L’enseignement s’appuie sur des textes le plus souvent, mais comme
une aide mémoire, pour aller au-delà, au cœur de l’action transformante
qui provient de l’énergie spirituelle en acte. Le Maître est puissant mais
discret.
Lorsque s’ouvre la possibilité du chemin avec l’Amoureux, un choix
décisif doit s‘opérer pour le destin de l’âme ; allons-nous vivre par et
pour l’esprit et accepter la mise à mort mondaine ? Acceptons-nous de
ne plus savoir, de perdre le confort affectif offert par des proches qui
vont sûrement s’éloigner?.. si nous sommes dans cette situation, c’est
que nous avons une aspiration souveraine, capable de nous amener à
« marcher sur l’eau, à déplacer les montagnes, à ressusciter les
morts.. » ; oui c’est la foi qui désormais fera de notre vie ce qu’elle est,
qui nous donnera le sublime sentiment de la dévotion et nous conduira
sur la voie de l’acceptation de ce qui est avec tout ce que cela implique.
Nous allons nous éveiller à la vie véritable et véritablement naître de
nouveau, alors jeunes gens, n’hésitez plus ! Ce qui nous est présenté
comme le chariot, ressemble peu à un attelage, mais plutôt au théâtre
du monde, avec le ciel et les étoiles pour rideau et des sphinx pour
assisses. Le jeune prince au sceptre occupe le centre de la scène où il
semble dominer son affaire ; il semble s’être lancé sans crainte sur le
chemin de la vie. C’est bien l’image du jeune adulte habile et audacieux
que l’on aime voir, car il sait sans doute répondre aux défis de la vie et
heureusement ; attendons d’en savoir davantage..
Plus que tout autre peut-être, le concept de justice est ambiguë ; nous
disons que nous récoltons ce que nous avons semé, mais en même
temps, nous constatons que les méchants continuent de prospérer..
Faudrait-il en conclure, comme certains de interlocuteurs de Socrate,
qu’il n’est de justice que celle du plus fort ? Platon ne cédera jamais là
dessus et écrira son grand œuvre la République pour nous le prouver.
S’il est une justice réellement supérieure, inspirée par l’Idée du Bien,
c’est elle que nous devons suivre dans notre vie, de façon à ne pas
vivre comme des bêtes, mais comme des hommes appelés à
l’excellence. L’âme se juge elle-même dans le système platonicien et
s’offre ainsi le genre de destin qu’elle a préparé de son vivant. Nous
avons entendu dire également, que le trop c’était comme le pas assez et
certes il semblerait bien que la sagesse soit un art de l’équilibre ; les
vertus cardinales dont Platon fait état, le réalise concrètement : la
prudence et le courage sont tous deux nécessaires sur le plan moral.

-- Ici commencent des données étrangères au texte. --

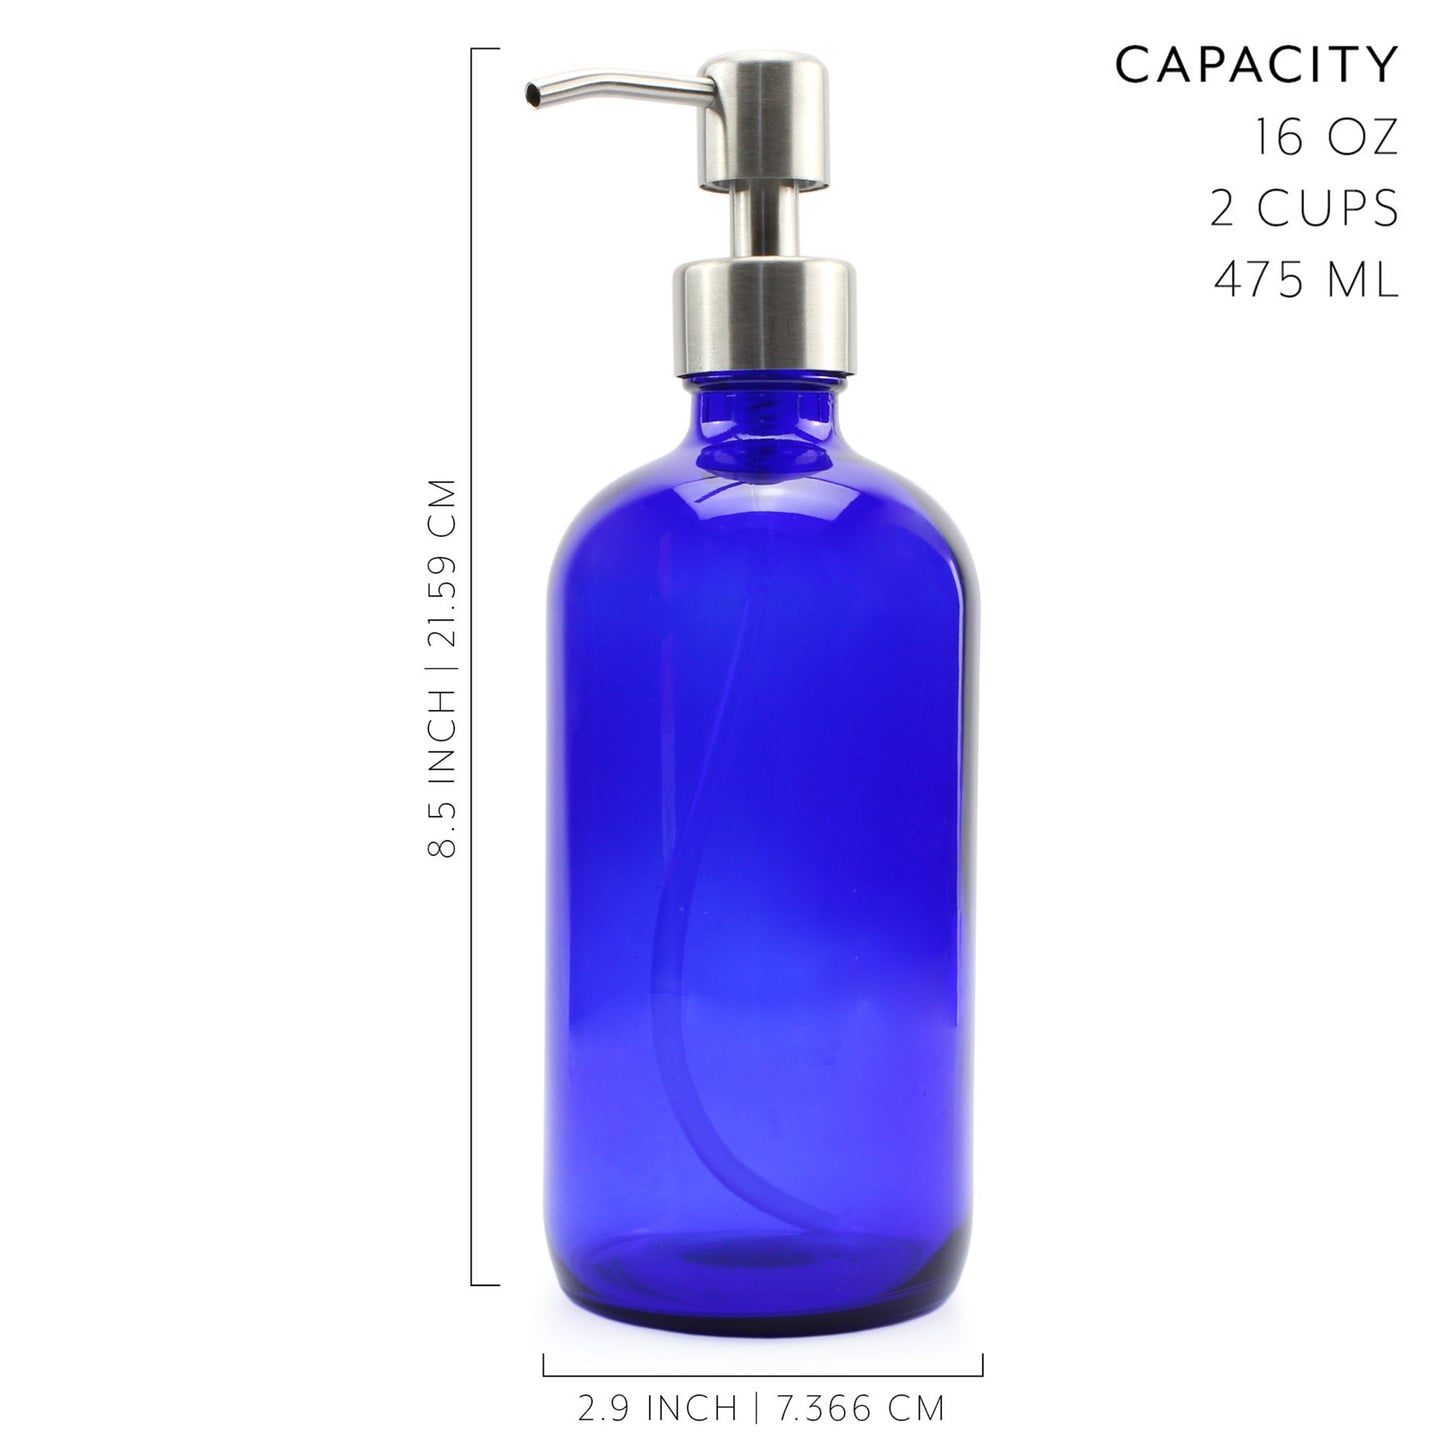 16oz Cobalt Blue Glass Bottles w/Stainless Steel Pumps (2-Pack) - sh865cb0aep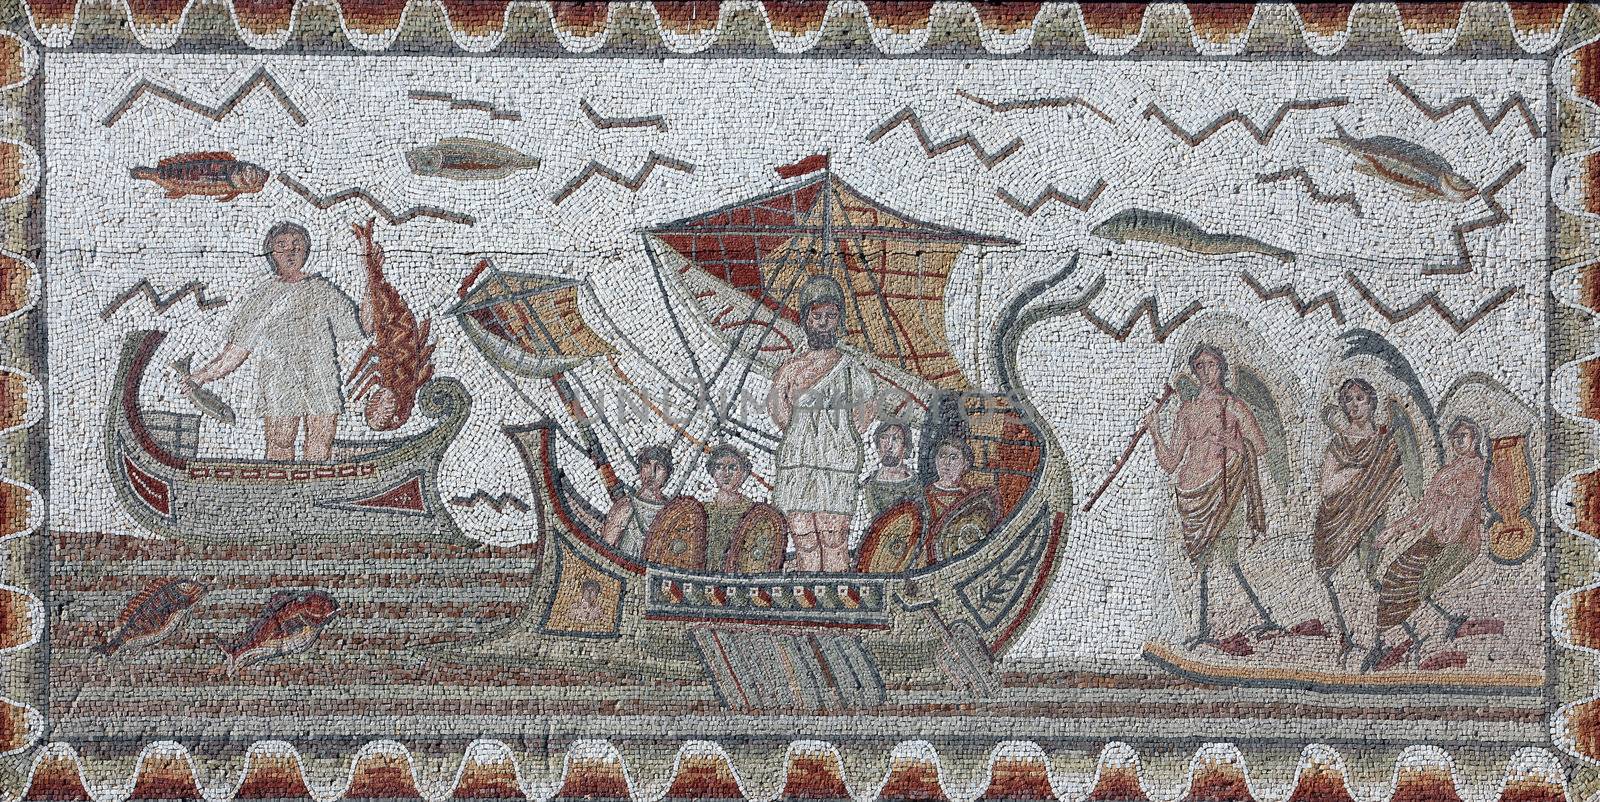 Ancient Roman mosaic by atlas

Sur le plan physique, nous pourrions dire que la vie témoigne d’un état
d’équilibre mouvant, tolérant certains écarts mais au-delà desquels
l’existence ne saurait se maintenir ; la Terre, est la manifestation de cet
équilibre dynamique dans l’espace cosmique.
La lame suivante représente un homme âgé qui avance seul avec une
lanterne qui éclaire faiblement son chemin nocturne. C’est un de ses
personnage qui ont quitté l’activité humaine ordinaire, yogi, excentrique,
sage, misanthrope ou guide spirituel, pour avancer sur un chemin qui
leur est propre et dont ils ne peuvent partager les secrets avec tout le
monde. Croiser l’un d’entre eux, est un signe certain du destin pour
celui qui en bénéficie ; à son tour, son existence sera une voie qui se
trace hors des sentiers battus, en direction d’une sagesse supérieure.
Mais l’incertitude et la solitude sont des prix trop lourds à payer pour le
commun des mortels qui préfère partager des jeux et des soucis à sa
portée. La vieille âme connaît le monde et s’en est affranchie.